Under the LEV standard, manufacturers doing business in Virginia must meet California’s exhaust emission standards starting with model year 2025 for passenger cars, light-duty trucks and medium-duty vehicles. The ZEV standard, which is based on a system of compliance credits, requires manufacturers to achieve a certain number of ZEV sales for the same vehicle categories and model years as the LEV standard.

Manufacturers must produce ZEVs and plug-in hybrids that will receive credits based on driving range. Included in the authorizing legislation is a requirement that the board allow manufacturers to establish a Virginia-specific account for ZEV credits that can be traded or sold. The Virginia-specific credits also may be used to meet up to 18% of the manufacturer’s program requirements in any given year.

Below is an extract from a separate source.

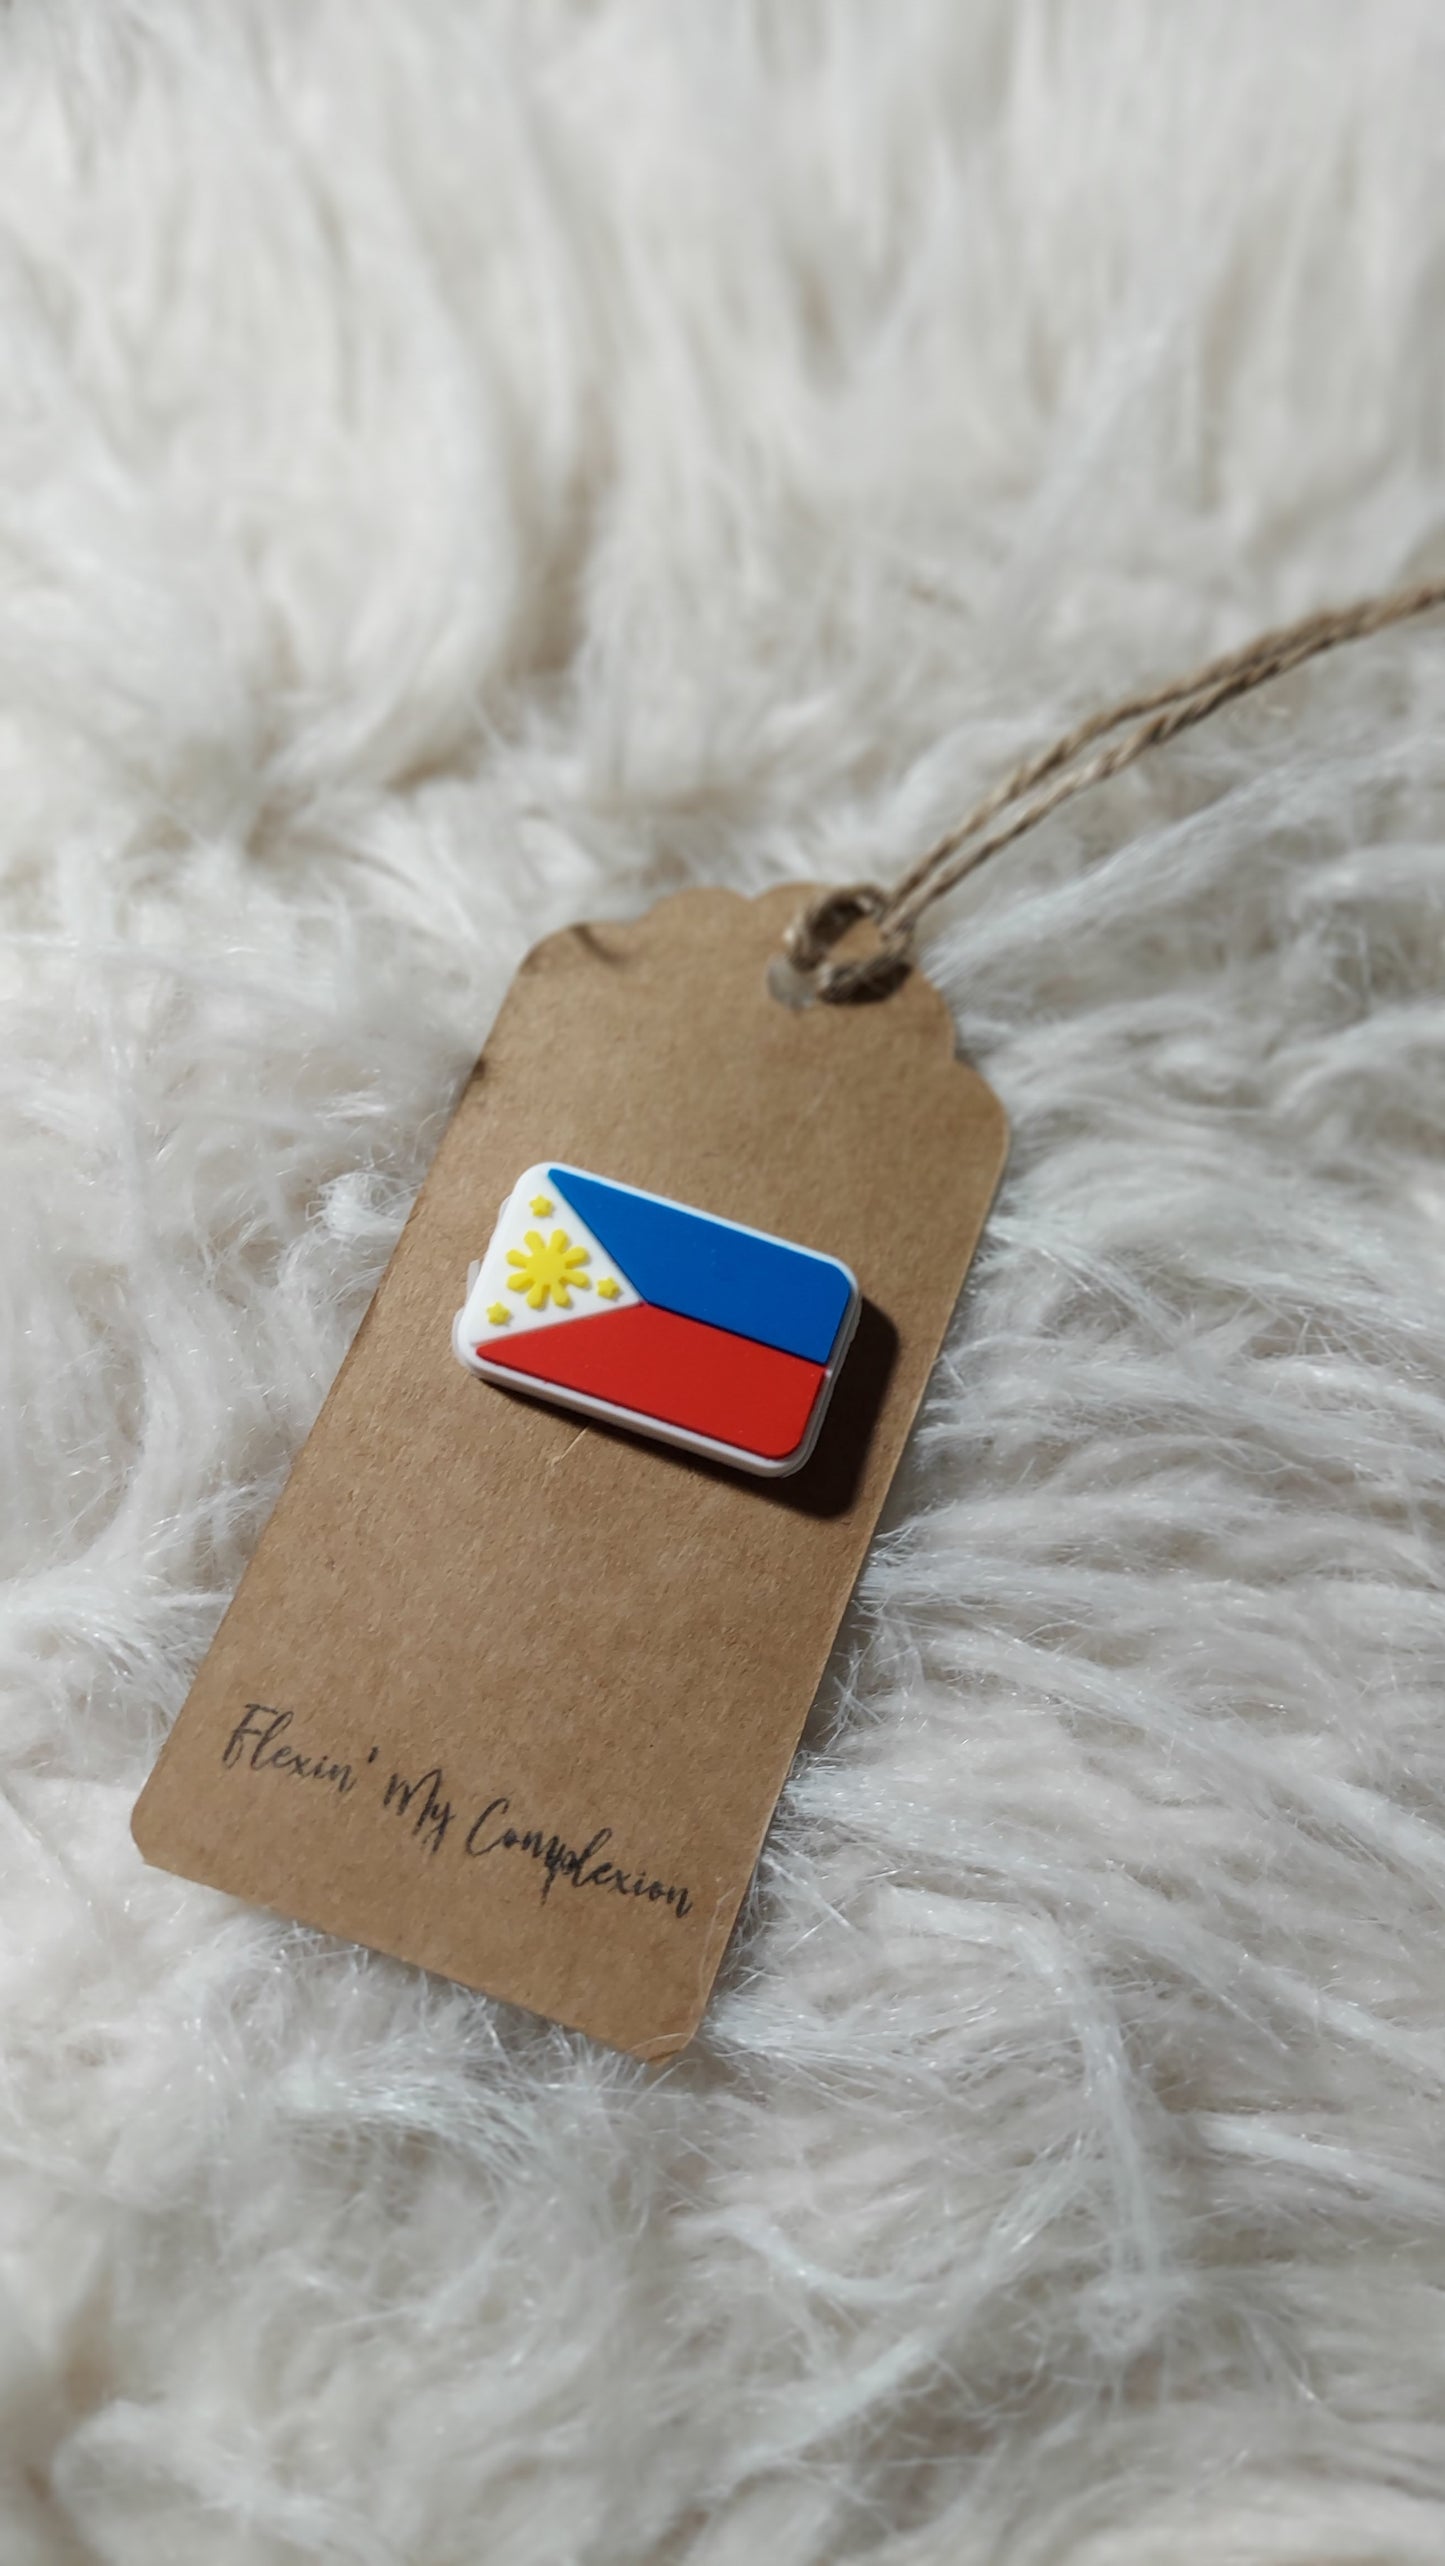 Philippines "Flag"

A proposal by the California Air Resources Board (CARB) would allow manufacturers to transfer their ZEV credits among states as part of the Advanced Clean Cars II regulation under development. Interstate credit transfers would be allowed for model years 2026-2030. (See CARB Plan Would Allow Interstate Transfer of ZEV Credits.)

Speaking at the Dec. 2 meeting, Walton Shepherd, Virginia policy director with National Resources Defense Council, said the board’s vote would be “one of the most beneficial clean air actions” it has ever taken.

The benefits would not end with clean air, he said, adding that transportation fueling dollars will stay in state when consumers charge their EVs with Virginia-produced electricity.

“Around 2025 is when your average electric vehicle will cost the same as an internal combustion car,” he said. “In 2025 and beyond … it would literally be irrational to buy a gas-powered car because you will lose money every time you fuel your car with gas.”

Virginia joins 15 other states that have already adopted the Advanced Clean Cars regulation, according to CARB. The standards in Virginia will go into effect in January 2024.